5:00 – 7:00 05:00-07:00
The video transitions to a second problem, Q2, which involves multiple segments: 10 km at 5 km/hr, 30 km at 6 km/hr, and 20 km at 10 km/hr. The instructor explains that this is a case where distances are not equal. He then introduces a general formula for average speed when the distance for each segment is equal, which is '2*S1*S2 / (S1+S2)'. He writes this formula on the board and then shows how it applies to the first problem, with S1=40 and S2=60, resulting in '2*40*60 / (40+60) = 4800/100 = 48 km/hr'. He then briefly mentions that for more than two segments with equal distance, the formula is '3*S1*S2*S3 / (S1*S2 + S2*S3 + S1*S3)'. The video ends with a 'Thanks for Watching' screen.

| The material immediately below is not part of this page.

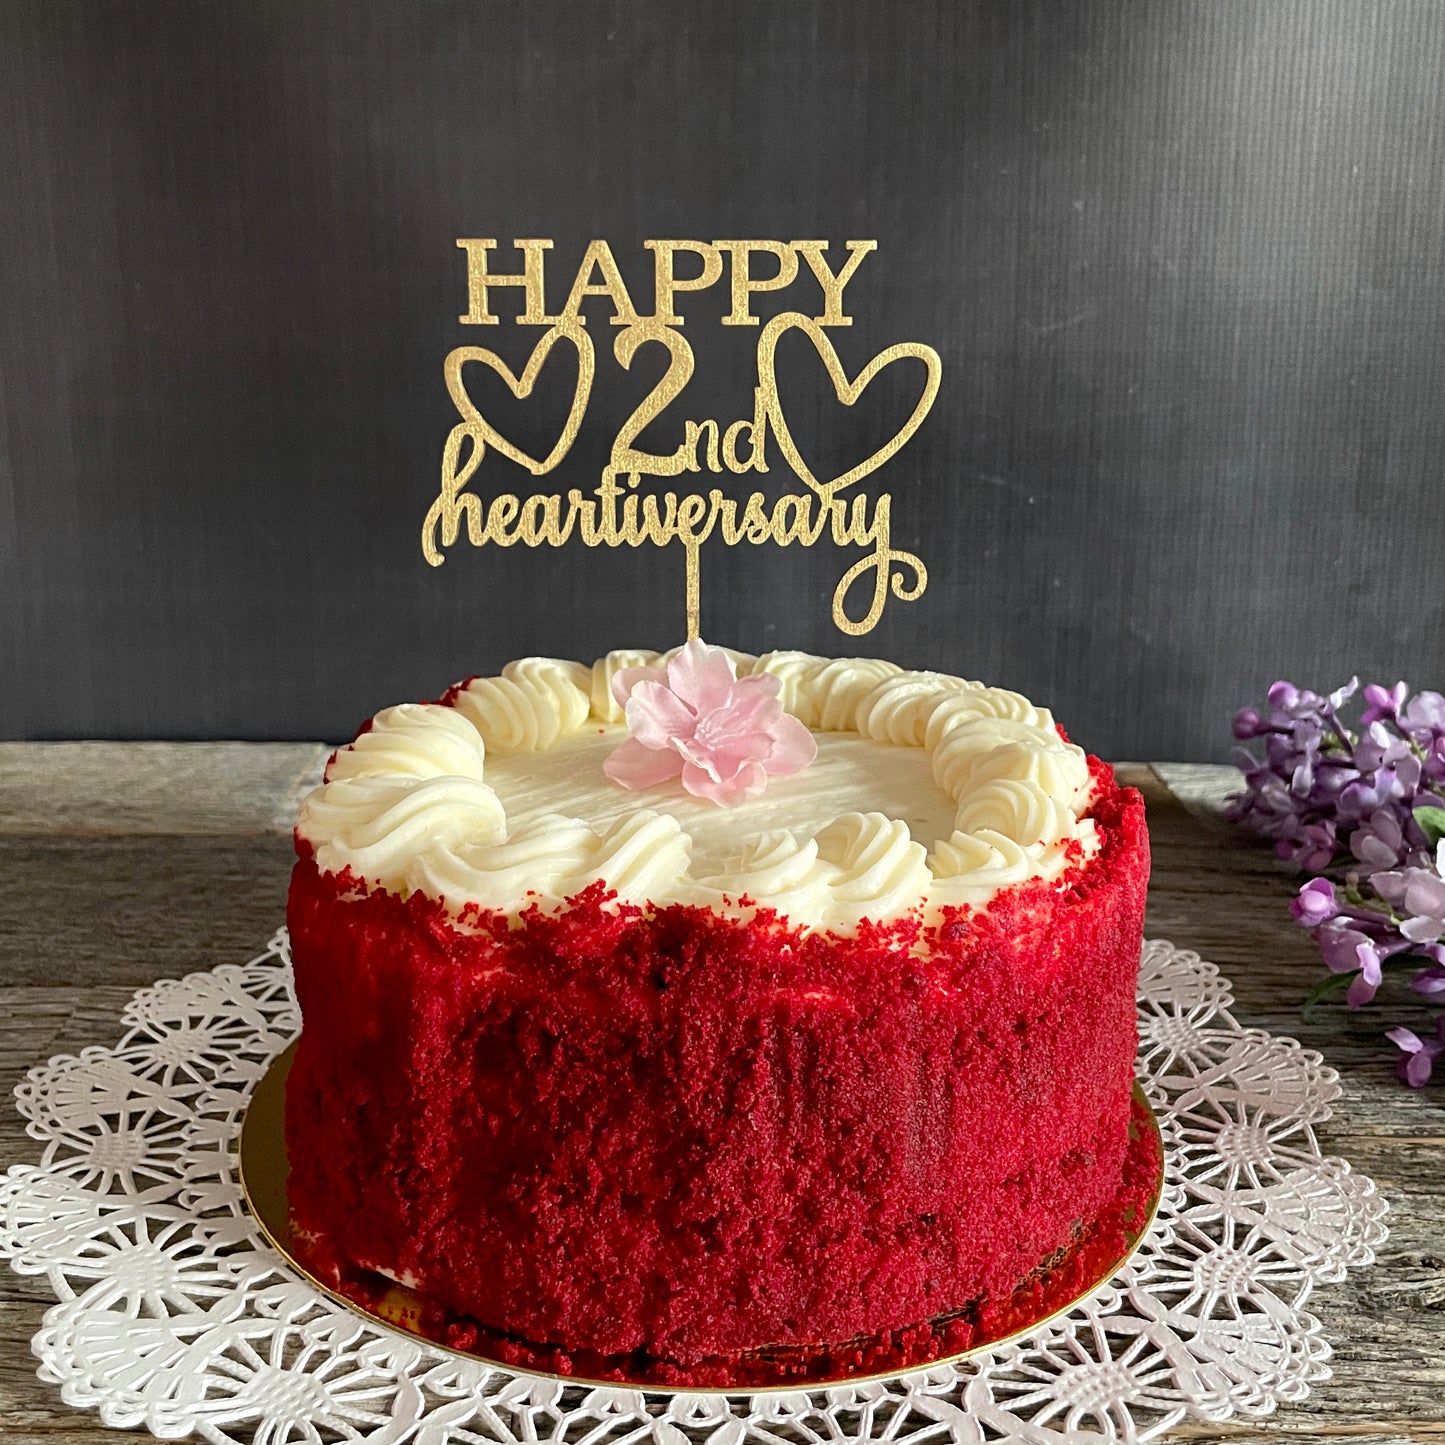 Custom Cake Topper for Heart Transplant Anniversary, Heartiversary, any year
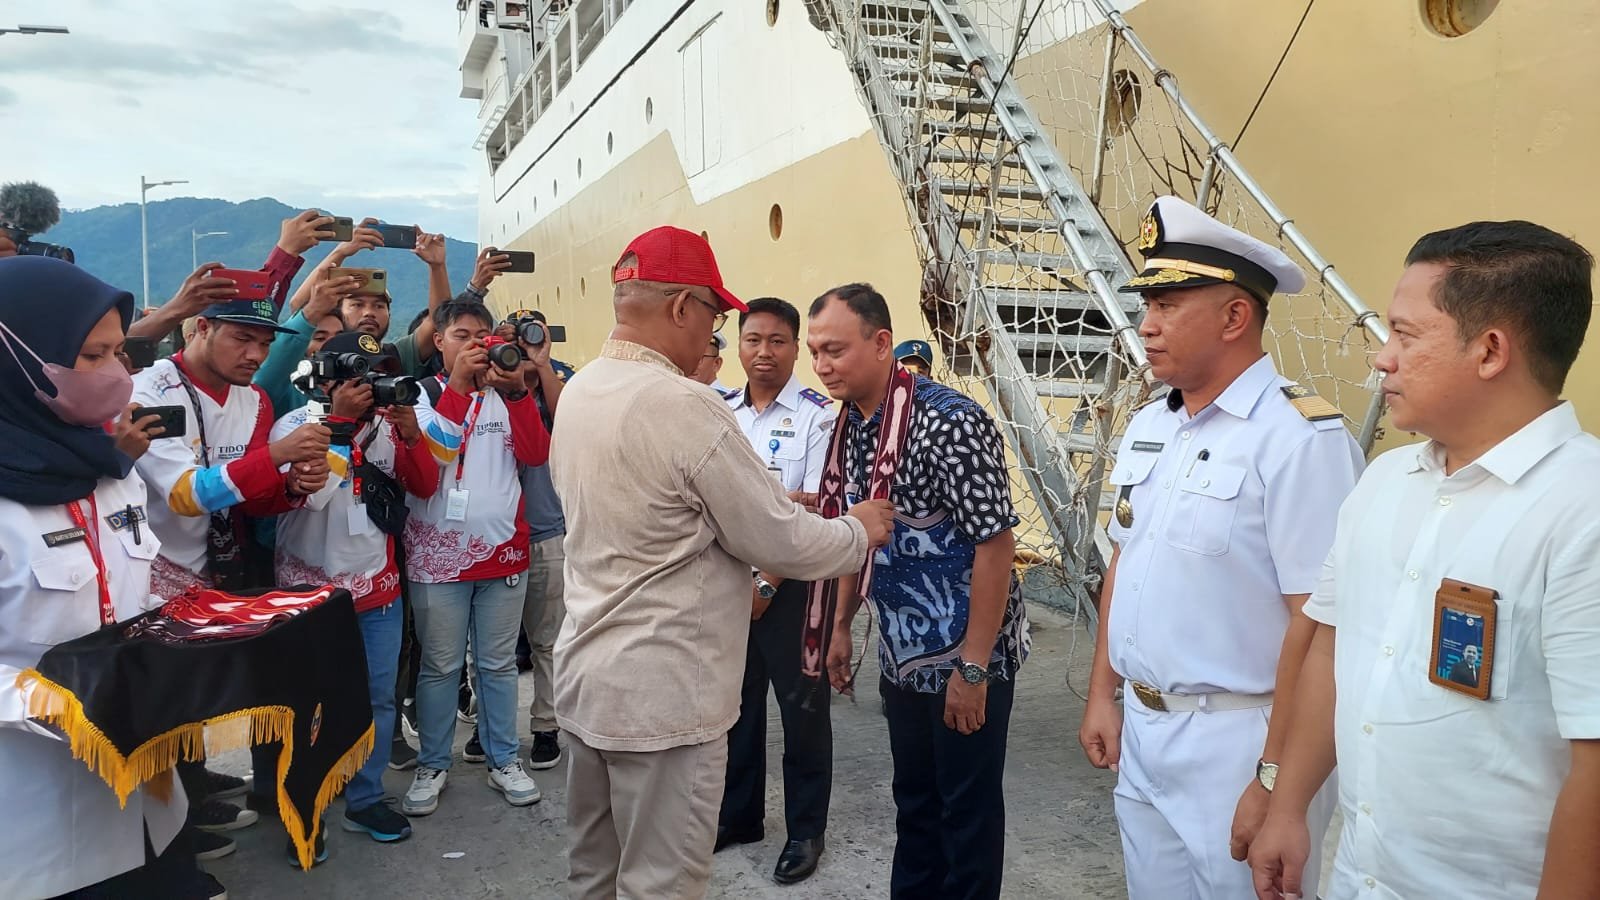 Dukung Sail Tidore 2022, Ditjen Hubla Siapkan KM. Tatamailau Sebagai Hotel Terapung

The video provides a clear, step-by-step tutorial on calculating average speed, starting with a specific problem and then generalizing the solution. It effectively teaches the core concept that average speed is total distance over total time, and then demonstrates how to apply this to a round trip with different speeds. The instructor uses a consistent method of setting up variables and simplifying equations, which is a valuable problem-solving technique. The video also introduces a key shortcut formula for equal-distance trips, making it a comprehensive resource for students preparing for competitive exams.